Among the many elements that recruits cite as helping them rank our residency program in the Match is being able to hear from the residents themselves. For the last few years, interns and second- and third-year residents have drafted diaries describing what “A Day in the Life” looks like for them. Some go diary-style and give hour by hour updates on a dayshift in the MICU, others take the time to explain how the “Y-week” works in our “4+1” schedule. These snapshots give an authentic voice to the experience of training in our department, painting a specific picture. Their details like the warm and encouraging faculty members or the relief of being able to hand over their pager for an hour during noon conference may not be the one deciding factor for a potential recruit, but these vignettes form a tapestry that helps them see what life at Iowa is like. If they can picture it and if they like what they see when they do, they can commit to it.
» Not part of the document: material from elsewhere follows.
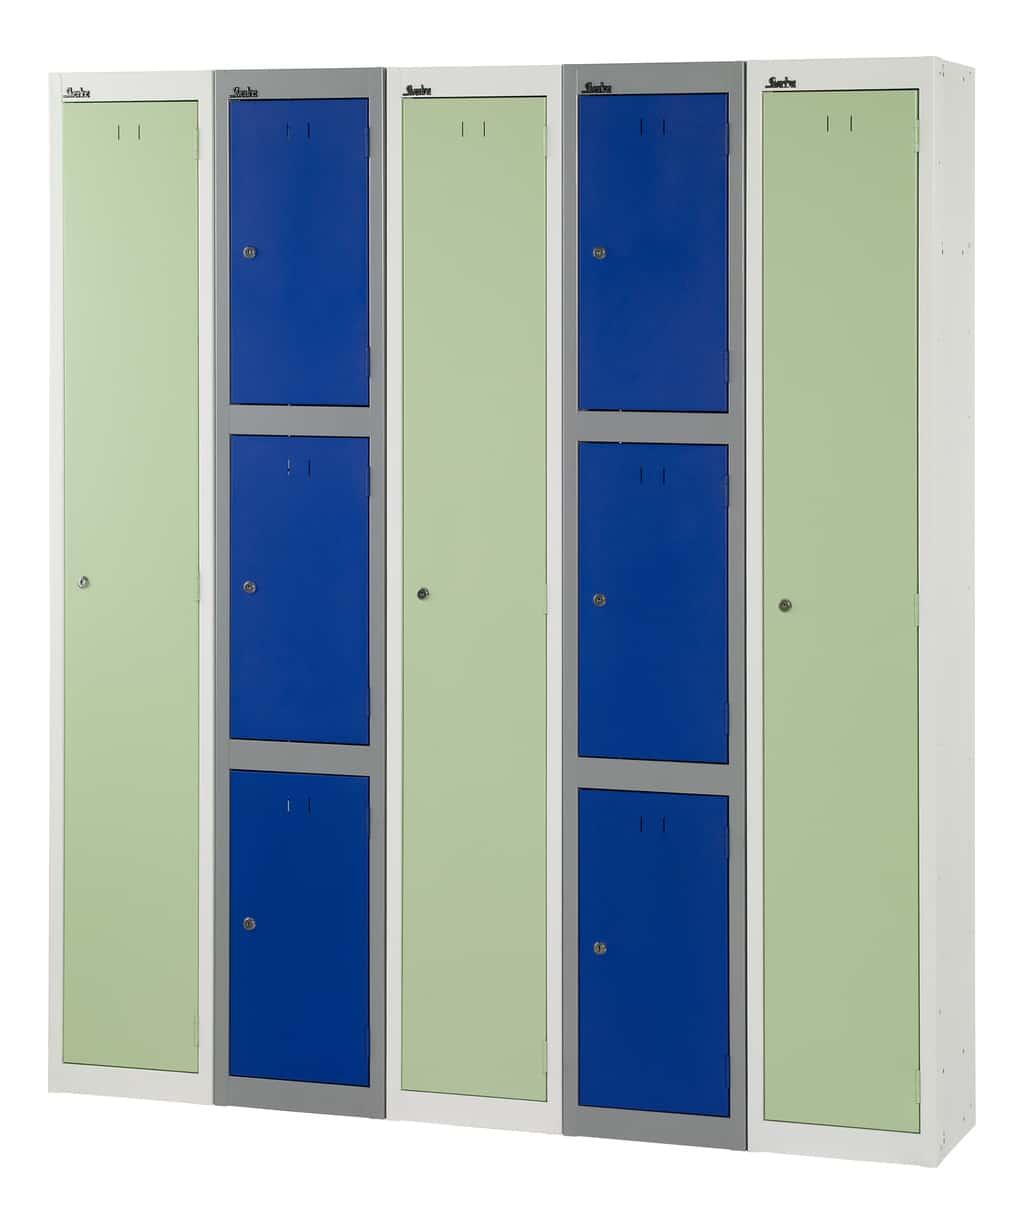 Leisure Storage Furniture Blueline Office Furniture

It is no secret that the challenge of virtual recruitment during a pandemic requires more reliance on digital elements like those resident diaries. If we are unable to sit face to face with them in our conference rooms and offices or they cannot tour the halls and work spaces of our hospitals and clinics, how we come across through video conferencing and how we engage on social media become critically important. One look at our current intern class, though, and it is clear that last year’s virtual recruitment was a complete success. I know the Education Leadership team and our stellar Chief Residents have not tinkered too much with last year’s formula. The schedule, the lineup of interviewers, the extra effort to connect a candidate with a particular interest to a faculty member working in that subspecialty—it’s all a well-oiled machine at this point and I am certain that by March 2022 our department will be just as celebratory as we were in March 2021.
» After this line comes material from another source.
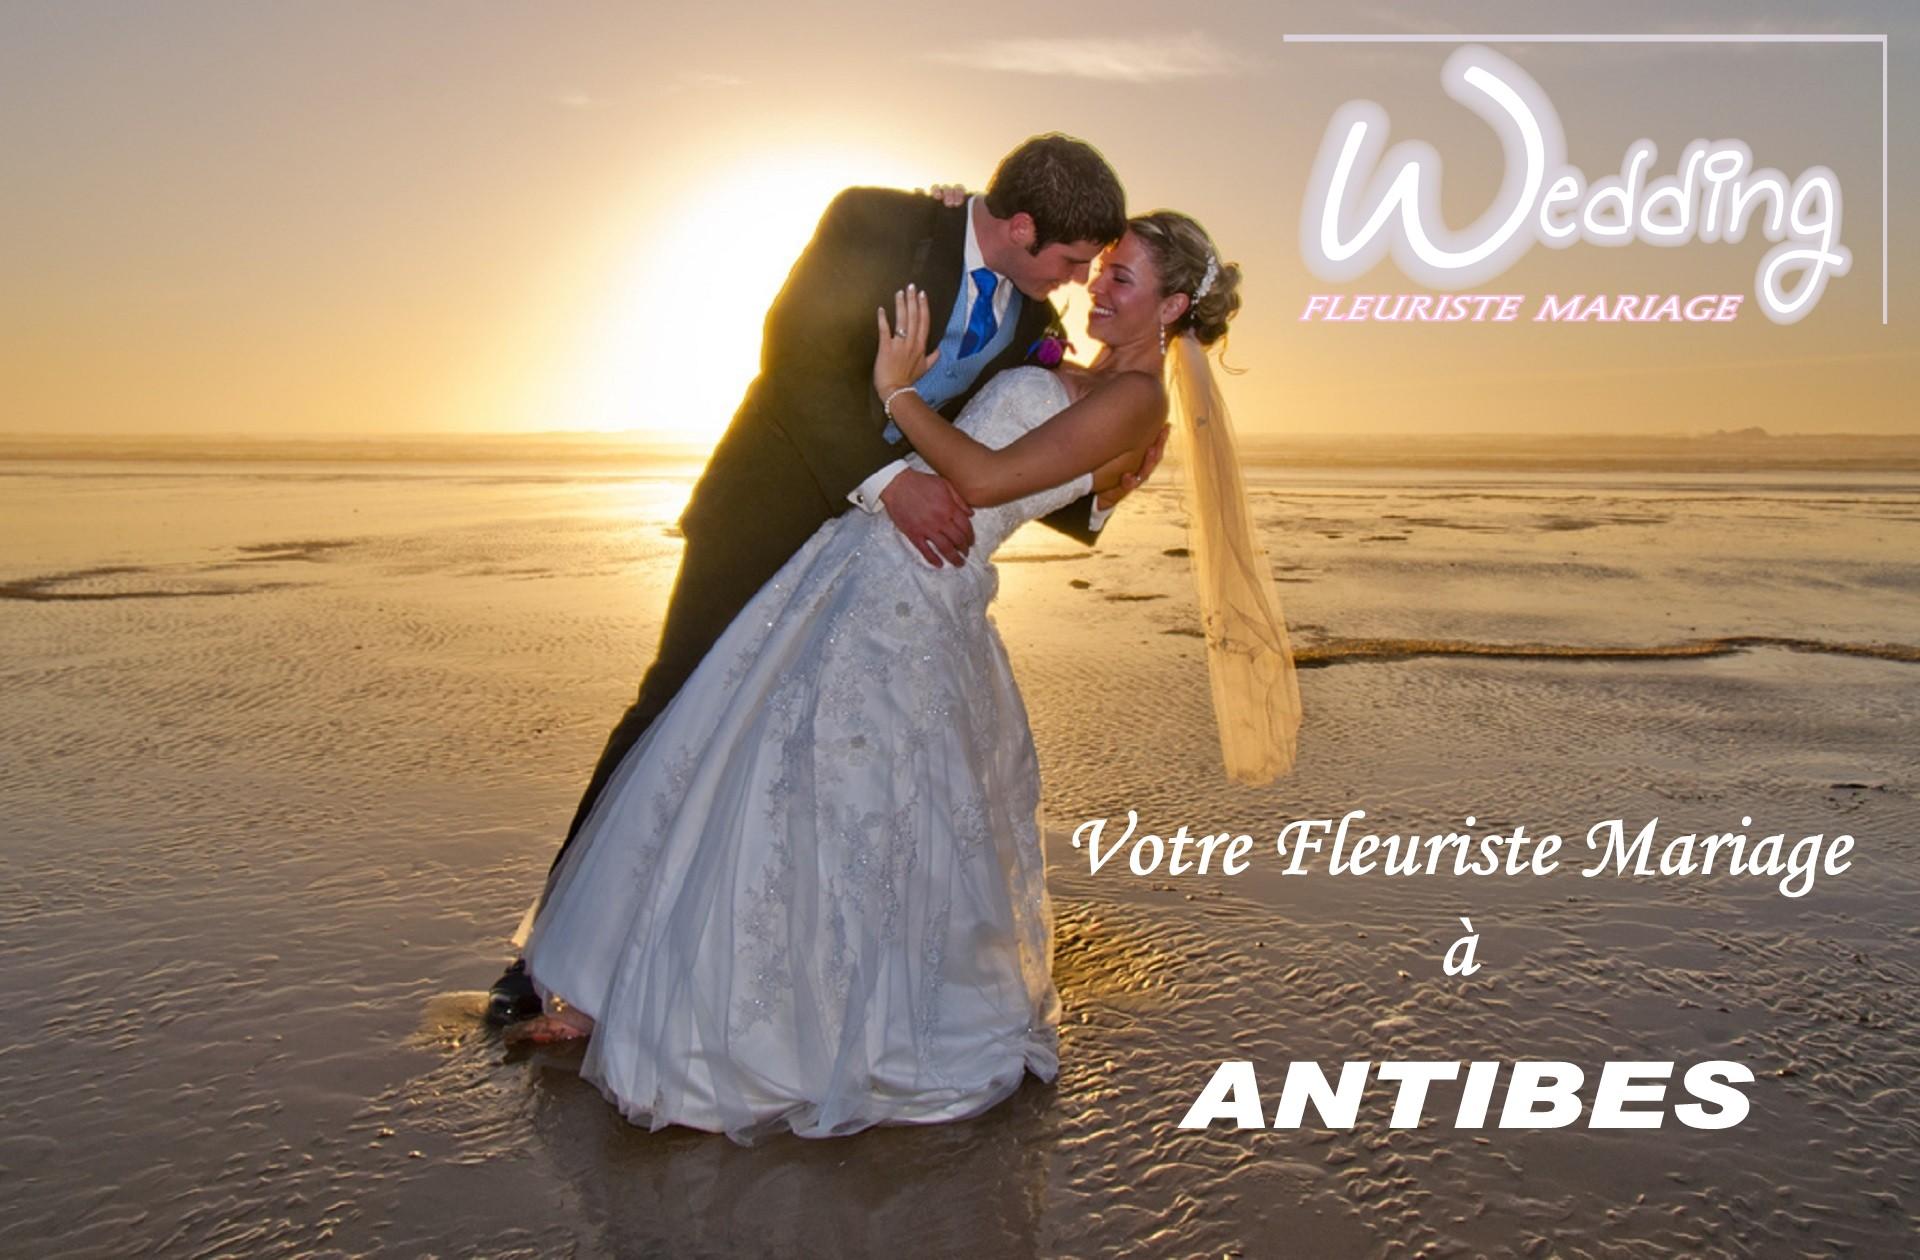 FLEURISTE MARIAGE ANTIBES - WEDDING PLANNER ANTIBES - TRAITEUR ANTIBES

If there is one secret we risk revealing here, it is the benefits of those “breaks.” Recruits can turn off their camera and mic, they can use the restroom, but they can also hang out in a breakout room and chat with a couple of our members as well as each other. It is here that they see the strengths of Iowa up close. They learn about our commitment to diversity, not because it is a line in an overview but because it is threaded through everything we do. They learn about our commitment to individualizing a training program that aligns with their professional and personal career aspirations. They learn about our camaraderie because they can see it, the same familiarity and friendly closeness between an APD and a PGY-2 as between two interns. Recruits hear first-hand from current residents just how supported they feel both by our faculty, by program leadership, and most important, by each other. Authentic happiness cannot be faked, even through a screen; when recruits see that, they know, even just after part of a day, that Iowa could easily be someplace to call home.
Education weaves through everything we do. Potential recruits see it and want to be a part of it. APD Dr. Katie Harris recently reported that the CCOM Internal Medicine Interest Group, for which she and Dr. Manish Suneja are faculty co-leads, currently has more than 50 members. She says 36 of our medical students intend to apply to categorical positions in internal medicine. Last year it was 20. I will just let that statistic speak for itself. Clearly, we are doing something—a lot of things!—exactly right.